We investigated changes at a molecular level in mouse CE exposed to chronic CS, and our data confirm that exposure to CS results in reduced CEC density accompanied by diminished levels of multiple collagen and extracellular matrix (ECM) proteins associated with DM.

Methods

Animals Included in the Study

The use of mice in this study was approved by The Johns Hopkins Animal Care and Use Committee, and all experiments were performed in accordance with the approved protocol consistent with the ARVO statement for the Use of Animals in Ophthalmic and Vision Research. The protocol for this study was approved by the Institutional Review Board of The Johns Hopkins University School of Medicine. C57BL/6J mice (stock #000664; The Jackson Laboratory, Bar Harbor, ME, USA) were used for all experiments.

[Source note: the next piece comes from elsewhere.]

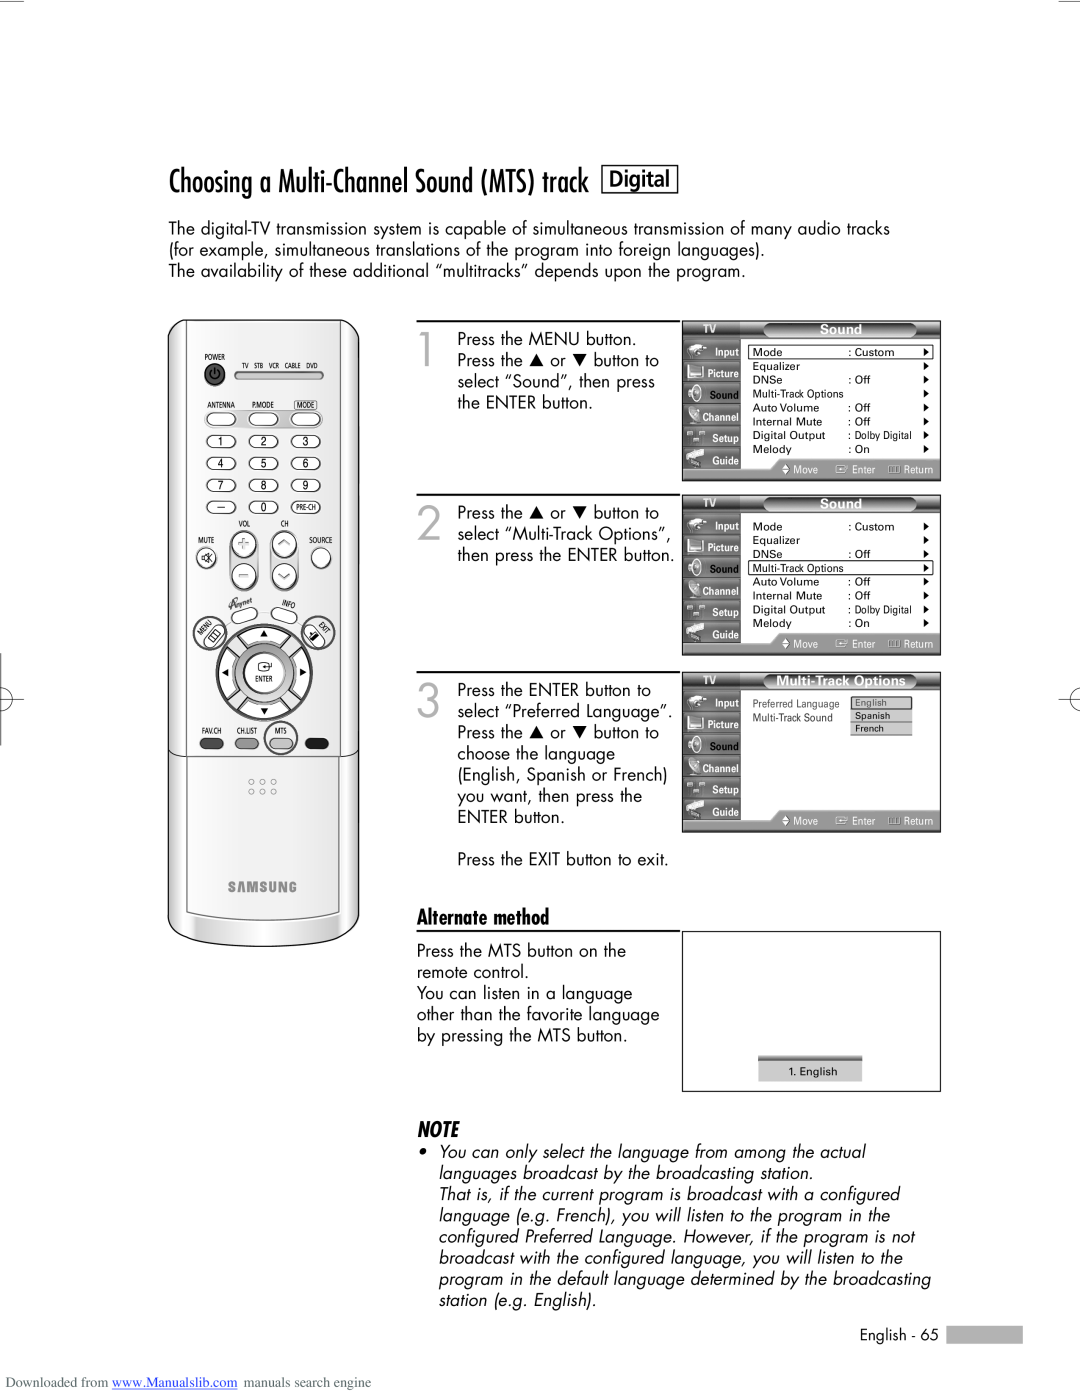 Samsung HL-R5056W, HL-R6156W manual Choosing a Multi-Channel Sound MTS track, Digital, Alternate method, Multi-Track Sound

The mice were exposed to CS as described previously.²¹ The study design included placing four 14-week-old pregnant mice (gestation days 18–20) in a whole-body exposure smoking chamber, and a few days later pups were born. Of these, four adult females along with 32 pups (16 male and 16 female) were exposed to CS for 5 hour/day, 5 day/week, and they remained in the chamber for a total of 105 days (3.5 months). In parallel, four adult females and 32 pups (16 male and 16 female) were housed at The Johns Hopkins animal facility for 3.5 months and served as the control (Ct). It is important to note that we used age-matched adult female mice to serve as a control to remain consistent with the age of the CS-exposed mice.

Exposure to CS in a Smoke Chamber

The smoke chamber contained a smoking machine (TE-10, Teague Enterprises, Woodland, CA, USA) that burned five cigarettes (2R4F reference cigarette, 2.45 mg nicotine per cigarette; Tobacco Research Institute, University of Kentucky, Lexington, KY, USA) at a time, taking puffs of 2-second duration at a flow rate of 1.05 L/min, to provide a standard puff of 35 cm³, providing a total of eight puffs per minute. The machine was adjusted to produce sidestream (89%) and mainstream (11%) smoke. The chamber atmosphere was monitored to maintain total suspended particulates at 90 mg/m³ and carbon monoxide at 350 ppm.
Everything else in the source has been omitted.